The debate about federal vs state solutions to healthcare reform intensified today when Sen. Bernie Sanders (I-VT) introduced single-payer legislation with 16 Democrat cosponsors that would eventually cover every American through Medicare.
“Today we begin the long and difficult struggle to end the international disgrace of the United States being the only major country on Earth not to guarantee healthcare to all our people,” Sanders said at a news conference today.
Sanders repeated his familiar argument that the United States spends almost twice as much per capita on healthcare than any other country, but doesn’t get its money’s worth. Twenty-eight million Americans still lack health insurance, and millions more are underinsured with high deductibles and copayments, he said.
Sanders’ Medicare for All Act of 2017 stands in stark contrast to a Senate Republican bill also introduced today that would largely replace the Affordable Care Act (ACA) by converting the law’s expenditures into block grants that states could use to implement reforms of their choosing. In the Republican-controlled Senate, the GOP measure has a shot at a vote. Sanders’ bill may never see the light of legislative day.
While Medicare for all may sound revolutionary, payments to clinicians and hospitals in the new system would not be. They would be governed by “Medicare’s current payment structures,” according to a summary of the law issued by Sanders. Those structures include traditional fee schedules and payment reforms found in the ACA and the Medicare Access and CHIP Reauthorization ACT.
Physicians and other providers would have to sign an agreement to participate in the legislation’s Universal Medicare Program (UMP), which they can terminate for any reason. The law would apply Medicare’s current provider standards to determine who can participate.
The UMP would be phased in over 4 years. In the first year after the bill’s enactment, every child up to 18 years of age could enroll in a revamped version of traditional Medicare that would include dental, vision, and hearing-aid benefits, which are not included now. In addition, Medicare’s eligibility age for adults would drop from 65 to 55. That age threshold would fall to 45 in the second year and 35 in the third, with every adult becoming eligible for a UMP card in year 4.
Patients would be able to choose any clinician or hospital they like. And they won’t have to worry about affordability, the bill promises. That’s because they wouldn’t owe any deductible, coinsurance, or copayment for covered services, which would include reproductive, maternity and new-born care, as well as abortions. The bill makes an exception on cost-sharing for prescription drugs, but it can’t exceed $200 a year (it’s for the sake of encouraging the use of generics).
Sanders’ bill does not extend to military veterans or Native Americans, who would continue to receive coverage through the Veterans Health Administration and the Indian Health Service, respectively.
The Medicare for All Act of 2017 would drastically shrink the size of the private health insurance industry, if not abolish it. Beginning in year 4 of the bill’s implementation, insurers could no longer sell coverage that duplicates the benefits provided under the UMP, and employers could no longer provide duplicated benefits to past or current employees and their dependents.
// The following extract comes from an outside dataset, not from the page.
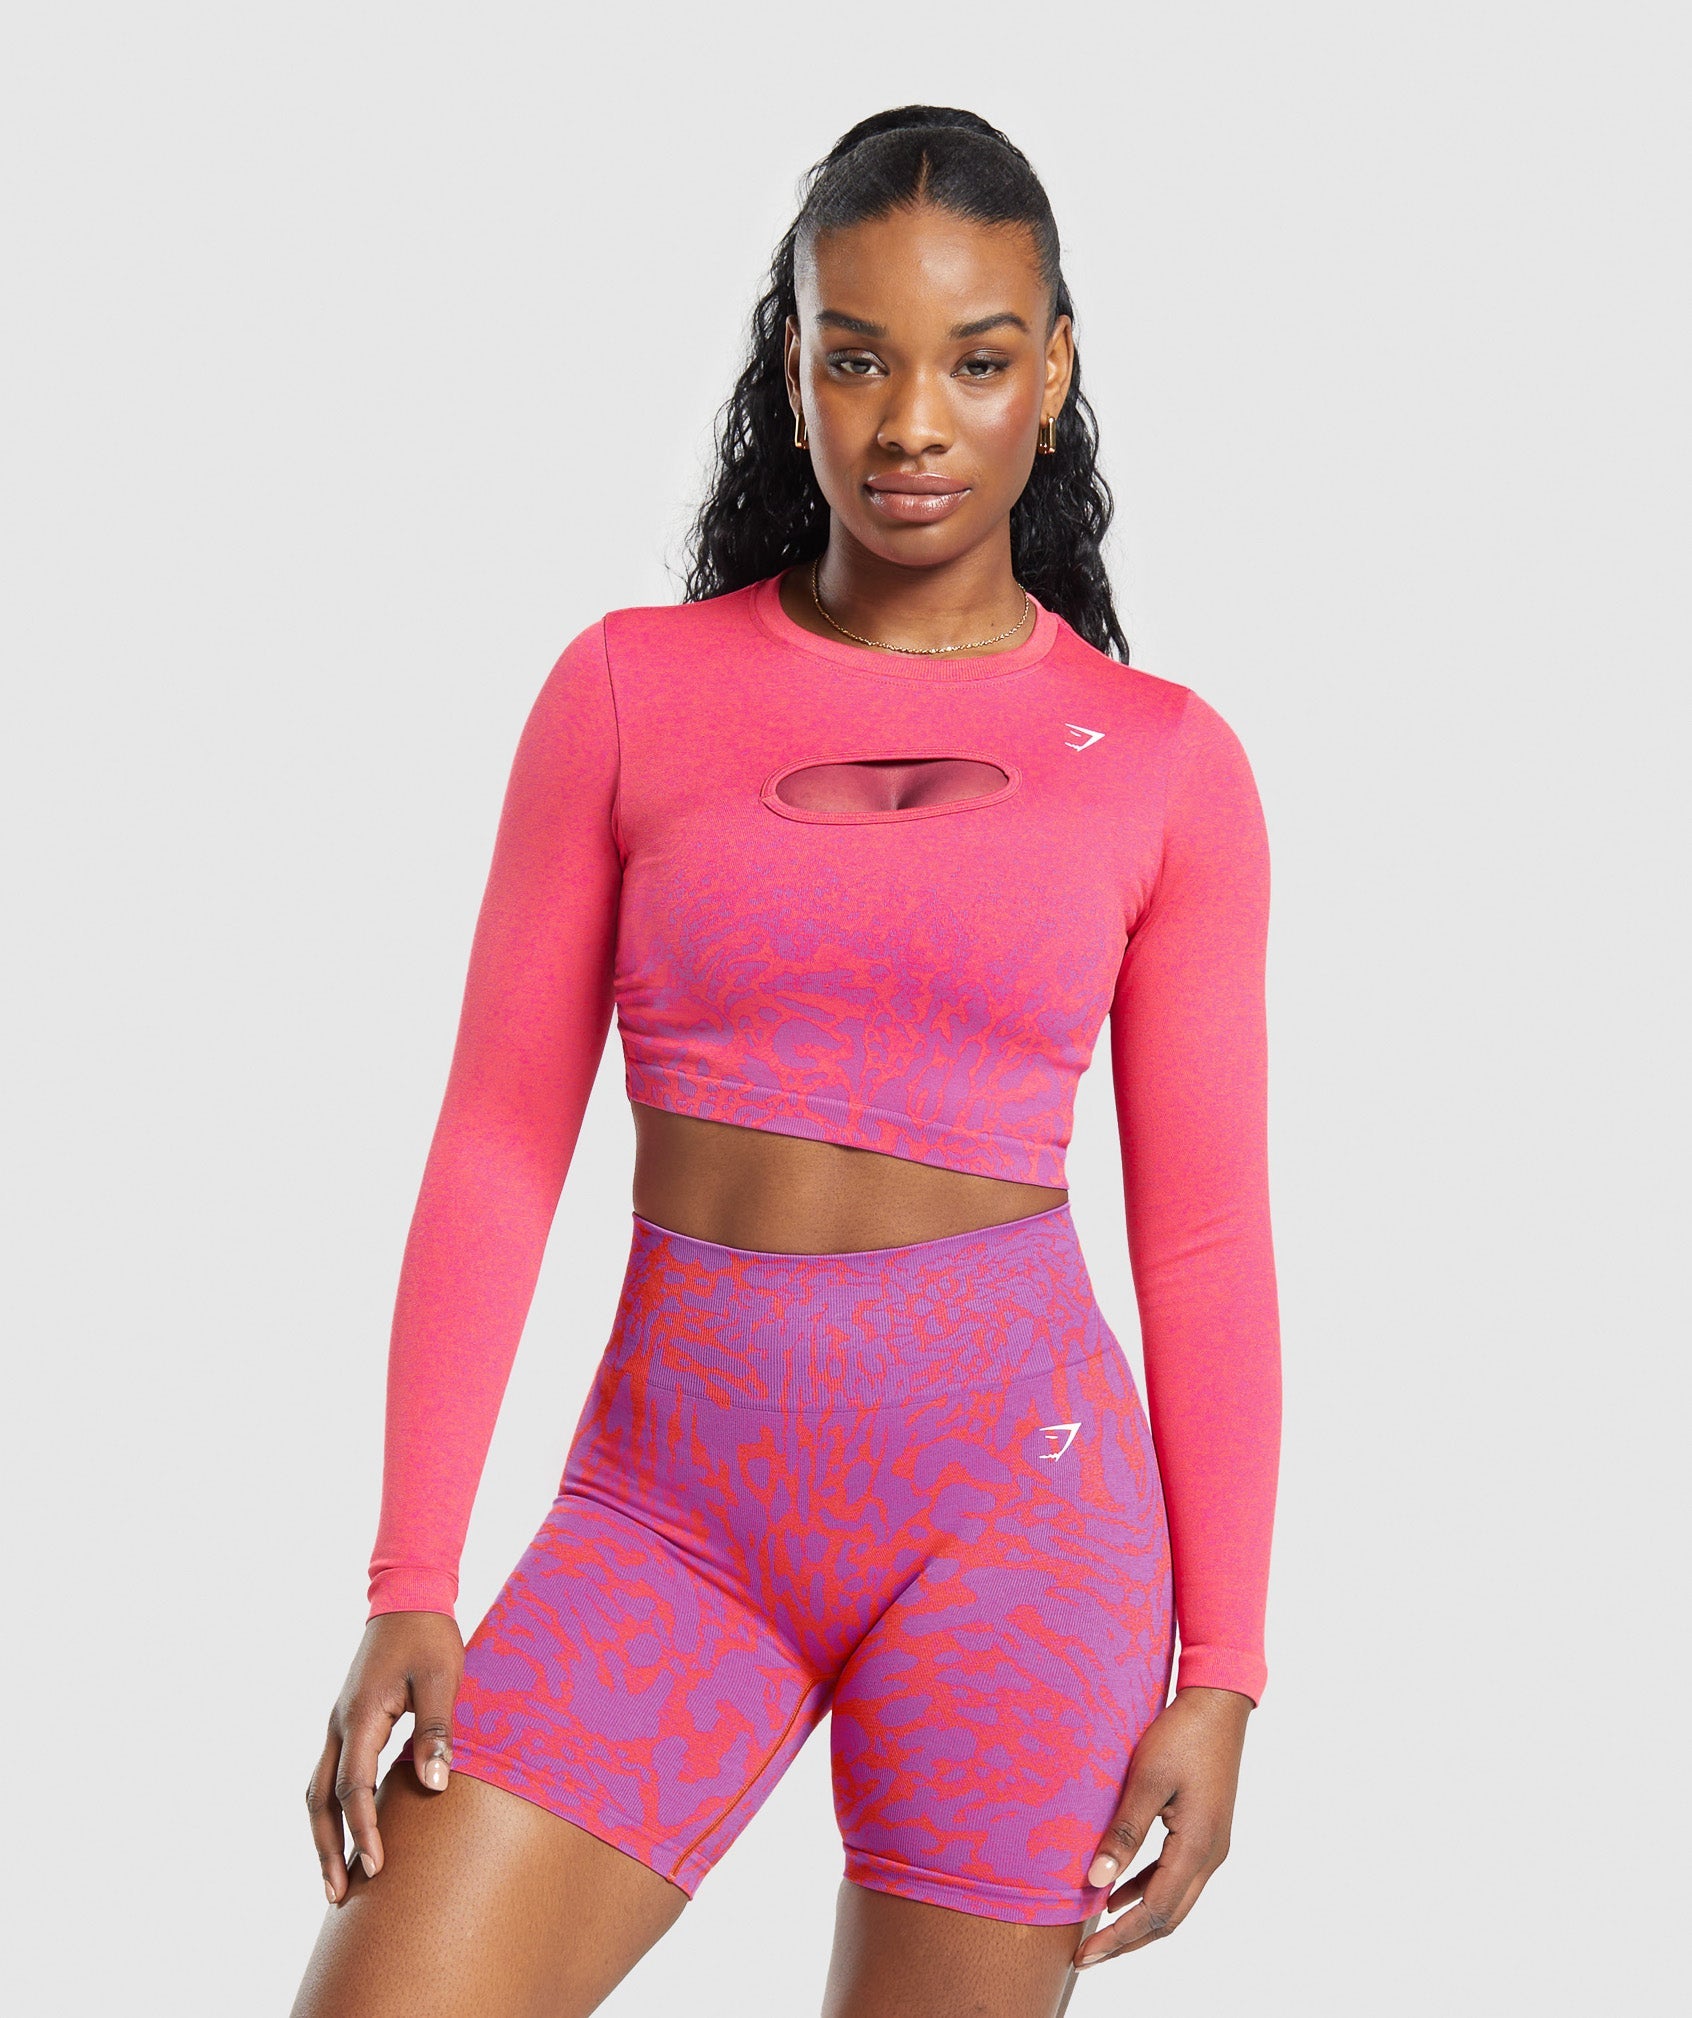 Adapt Pattern Seamless Faded Long Sleeve Top in Shelly Pink/Fly Coral

Insurers could sell policies for benefits not found in the UMP, however.
Anticipating the damage it would cause to private insurers, Sanders’ bill states that the UMP budget may provide “transition assistance to health insurance administration workers who may be displayed because of…this act.”
Sanders maintains that Medicare for all would “finally separate health insurance from employment.” As a result, employees wouldn’t have to worry about losing coverage if they left a job, and employers would be spared the financial burden of providing coverage.
Possible Pots of Money to Pay for Universal Medicare
The Medicare for All Act of 2017 did not come with a cost estimate, but a related document on financing the bill noted that the United States spends more than $3.2 trillion a year on healthcare, with publicly funded programs like Medicare and Medicaid costing more than $2 trillion.
Sanders is confident the nation can afford Medicare for all, despite the trillions of dollars involved. The new system, he argues, could save as much as $500 billion a year in administrative costs because Medicare spends less than one sixth of what private insurers spend on paperwork. The government also could save up to $113 billion a year by negotiating the price of prescription drugs with pharmaceutical companies.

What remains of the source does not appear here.